Procter & Gamble's two-year restructuring includes a heavy dose of digital transformation, artificial intelligence and supply chain automation and optimization.

The headlines from Procter & Gamble's appearance at the Deutsche Bank Global Consumer Conference revolved around the company's move to cut 7,000 jobs. However, P&G Chief Financial Officer Andre Schulten and Chief Operating Officer Shailesh Jejurikar outlined the bigger picture.
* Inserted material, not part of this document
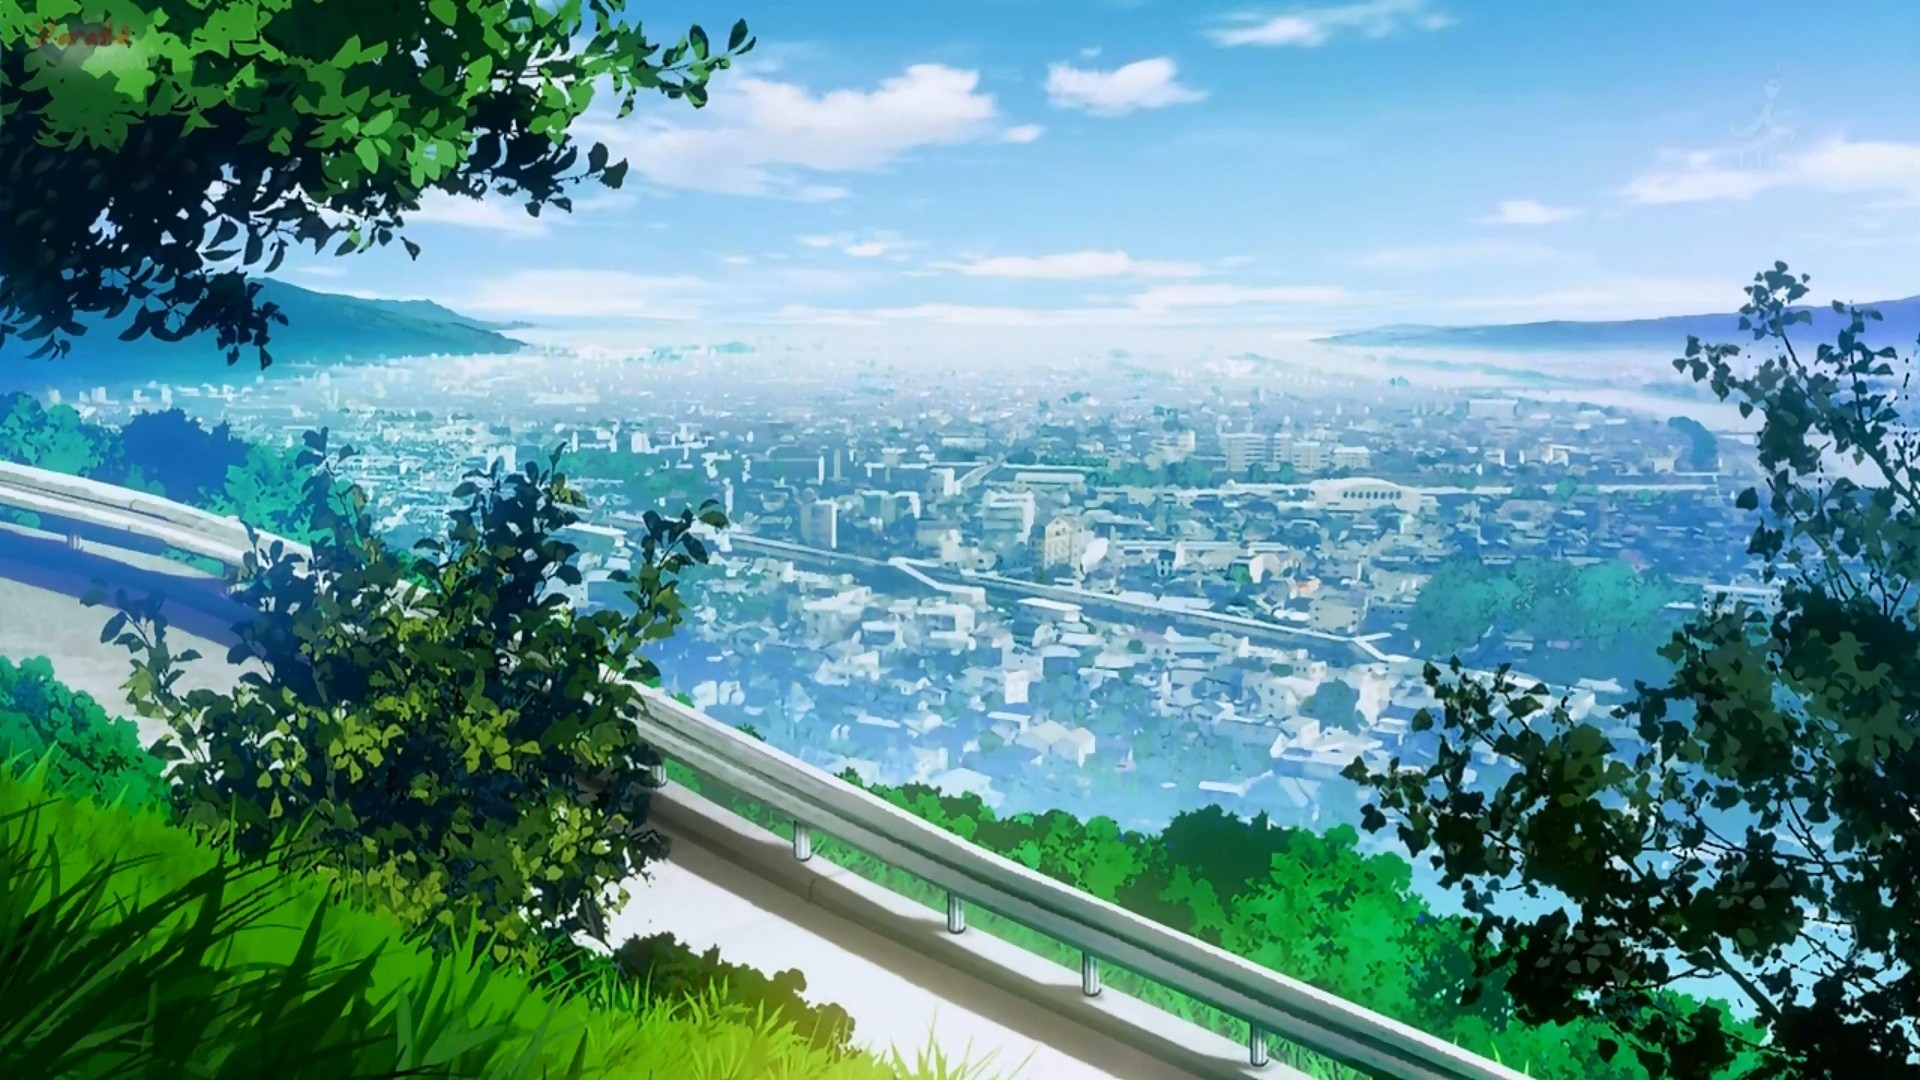 Anime Scenery - Anime City

P&G is navigating an uncertain economy, shifting tastes, inflation and tariffs. P&G's approach is to use productivity to fund growth initiatives over the years. Its next phase is focused on developing its systems and digital capabilities to support automation, data strategy, insights and analytics, said Schulten.

"We believe we now have the opportunity to step forward to enable the tremendous growth opportunities we have with an even more focused and efficient portfolio, supply network, and organization," said Schulten. "In fiscal 2026, we will begin a 2-year noncore restructuring program. This program includes 3 interdependent elements: portfolio choices, supply chain restructuring and organizational design changes."

P&G plans to shed brands in various categories and categories will be outlined more in July when the company reports its fiscal year end results.

Here's a look at the high level transformation moves from P&G:

  • The company will right size its supply chain, optimize by locating production to drive efficiencies, speed up innovation and cut costs.
  • P&G will make roles broader and shrink teams as the company leverages automation and digitization.
  • P&G will cut up to 7,000 non-manufacturing roles, or 15% of its non-manufacturing workforce. Those job cuts are incremental to what P&G has outlined for its Supply Chain 3.0 savings.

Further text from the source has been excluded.